Information disclosure / cross-test environment variable leakage
Description
The commit introduces a LeakChecker tool that snapshots the process environment before each test and compares it against the environment after test teardown. If there are any additions, removals, or changes to environment variables (excluding an allowlisted set), it fails the test run with a detailed message. This mitigates information disclosure risks where environment variables could be left set by one test and inadvertently exposed or influence subsequent tests, logs, or behavior.
Proof of Concept
Proof-of-Concept to illustrate the leak-detection behavior (before this fix, a test that mutates ENV permanently could leak values to subsequent tests):
# File: test/env_leak_poc_a.rb
class EnvLeakPocA < ActiveSupport::TestCase
test "leaks environment variable after test" do
# Simulate leaking a sensitive value into the process environment
ENV["SENSITIVE_TOKEN"] = "super-secret-value"
# Note: Intentionally not reverting ENV["SENSITIVE_TOKEN"] here
end
end
# File: test/env_leak_poc_b.rb
class EnvLeakPocB < ActiveSupport::TestCase
test "environment should be clean between tests" do
# In a vulnerable run, the previous test left SENSITIVE_TOKEN set
# LeakChecker should have raised an error after the first test teardown
refute ENV.key?("SENSITIVE_TOKEN")
end
end
# How to reproduce (without the fix):
# 1) Run the Rails test suite (e.g., bin/rails test).
# 2) Observe that the first test mutates ENV and, since it isn't reverted, the LeakChecker detects the change during after_teardown and fails the run with a message like:
# "Environment leak detected:..." including added/removed/changed variables.
# With the fix in place (as of this commit), the test suite will fail fast with a clear error indicating ENV leakage, guiding removal or restoration of env vars in tests.
Commit Details
Author: Jean Boussier
Date: 2026-01-04 10:44 UTC
Message:
Merge pull request #56476 from rails/leak_checker
Add LeakChecker to tools and fail on ENV leaks
Triage Assessment
Vulnerability Type: Information disclosure
Confidence: HIGH
Reasoning:
The commit adds a LeakChecker tool that asserts there are no ENV (environment variable) leaks after test execution, failing the run if any unexpected environment changes are detected.
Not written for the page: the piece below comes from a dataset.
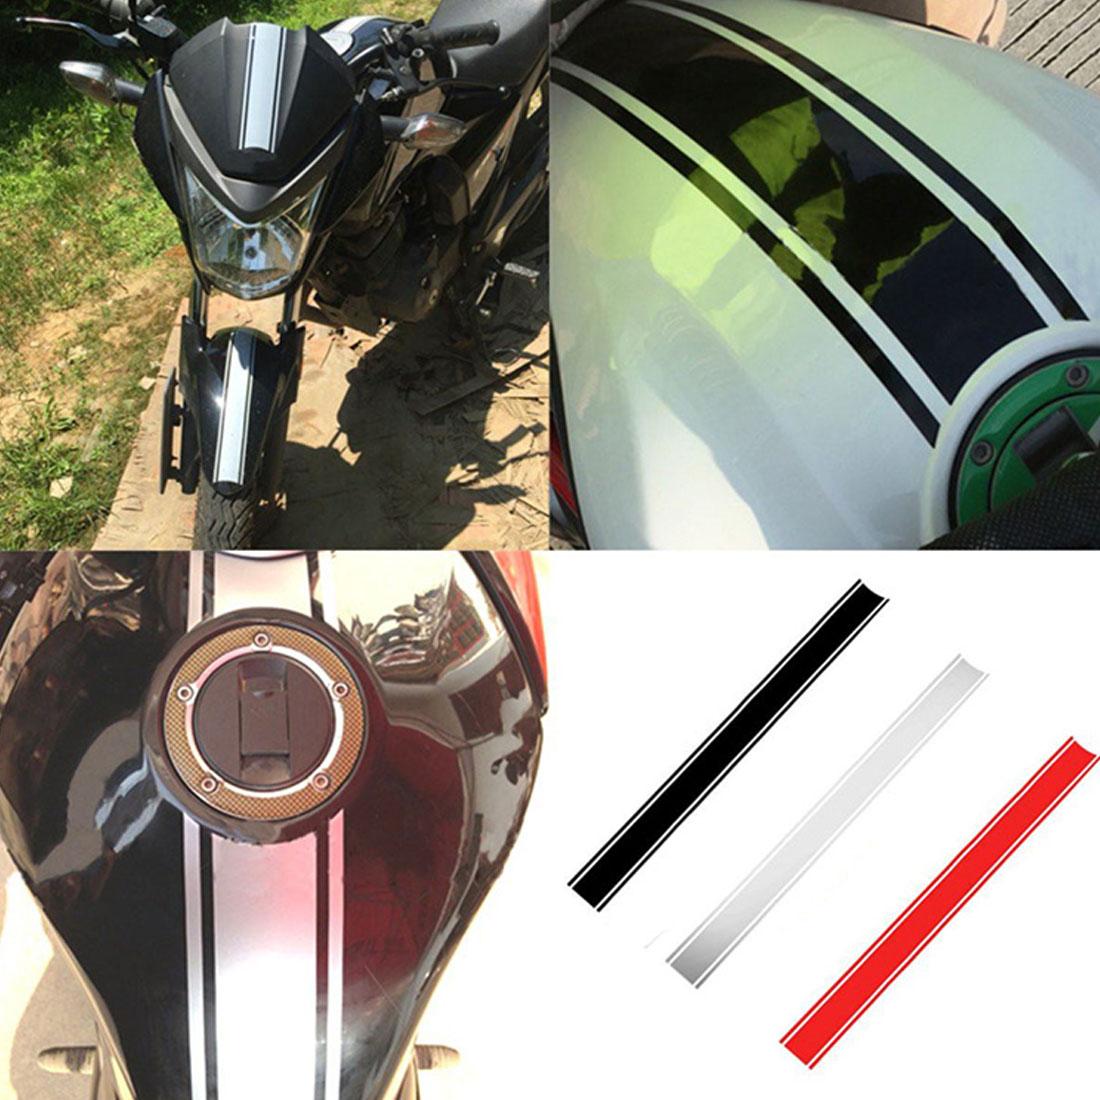 50 x 4.5 cm Motorcycle Body Sticker Tape Stripe Car Decal Strip Vinyl Racer Moto
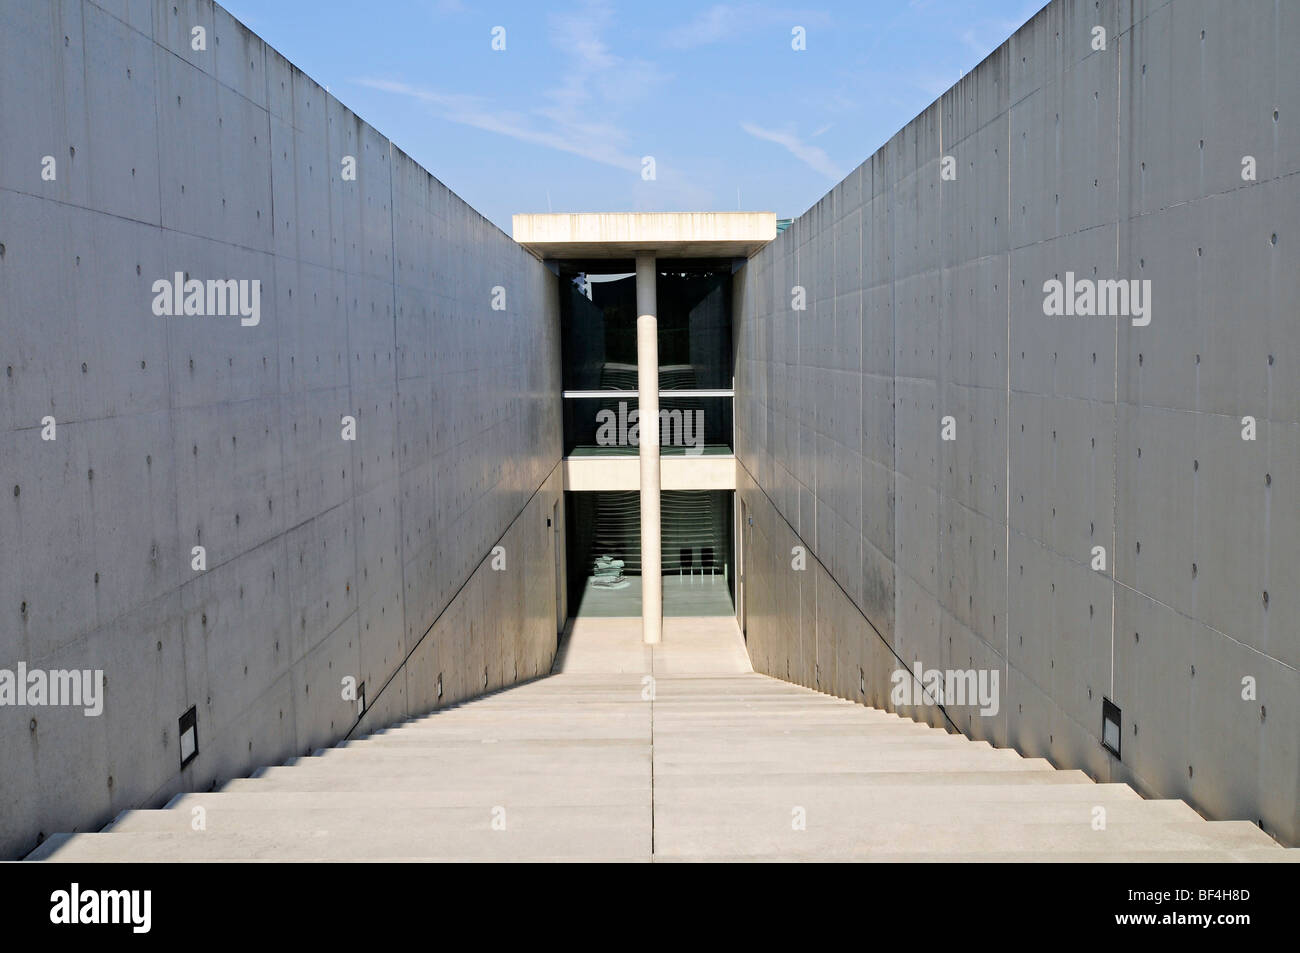 Moderne Architektur Treppen Beton Ehemalige Raketenbasis Kunstmuseum Langen Foundation Architekt Tadao Ando Hombroich Kre

This directly mitigates information disclosure risks via leaked env vars between tests, a security-related hardening.
Verification Assessment
Vulnerability Type: Information disclosure / cross-test environment variable leakage
Confidence: HIGH
Affected Versions: < 8.1.3 (Rails 8.1.x prior to this commit; i.e., 8.1.0 through 8.1.2)
Code Diff
diff --git a/actionview/lib/action_view/test_case.rb b/actionview/lib/action_view/test_case.rb
index c0cc707845f9a..733c904822219 100644
--- a/actionview/lib/action_view/test_case.rb
+++ b/actionview/lib/action_view/test_case.rb
@@ -266,6 +266,10 @@ def _test_case
end
end
+ def after_setup
+ @__setup_ivars = instance_variables << :@__setup_ivars
+ end
+
def setup_with_controller
controller_class = Class.new(ActionView::TestCase::TestController)
@controller = controller_class.new
@@ -399,7 +403,7 @@ def view
]
def _user_defined_ivars
- instance_variables - INTERNAL_IVARS
+ instance_variables - INTERNAL_IVARS - @__setup_ivars
end
# Returns a Hash of instance variables and their values, as defined by
diff --git a/railties/test/application/zeitwerk_checker_test.rb b/railties/test/application/zeitwerk_checker_test.rb
index b0606248161af..136cd6d4e1531 100644
--- a/railties/test/application/zeitwerk_checker_test.rb
+++ b/railties/test/application/zeitwerk_checker_test.rb
@@ -5,6 +5,7 @@
class ZeitwerkCheckerTest < ActiveSupport::TestCase
include ActiveSupport::Testing::Isolation
+ teardown :teardown_app
def setup
build_app
diff --git a/railties/test/isolation/abstract_unit.rb b/railties/test/isolation/abstract_unit.rb
index a8824bfc3e26b..98ca0f066d18d 100644
--- a/railties/test/isolation/abstract_unit.rb
+++ b/railties/test/isolation/abstract_unit.rb
@@ -104,11 +104,11 @@ def assert_welcome(resp)
module Generation
# Build an application by invoking the generator and going through the whole stack.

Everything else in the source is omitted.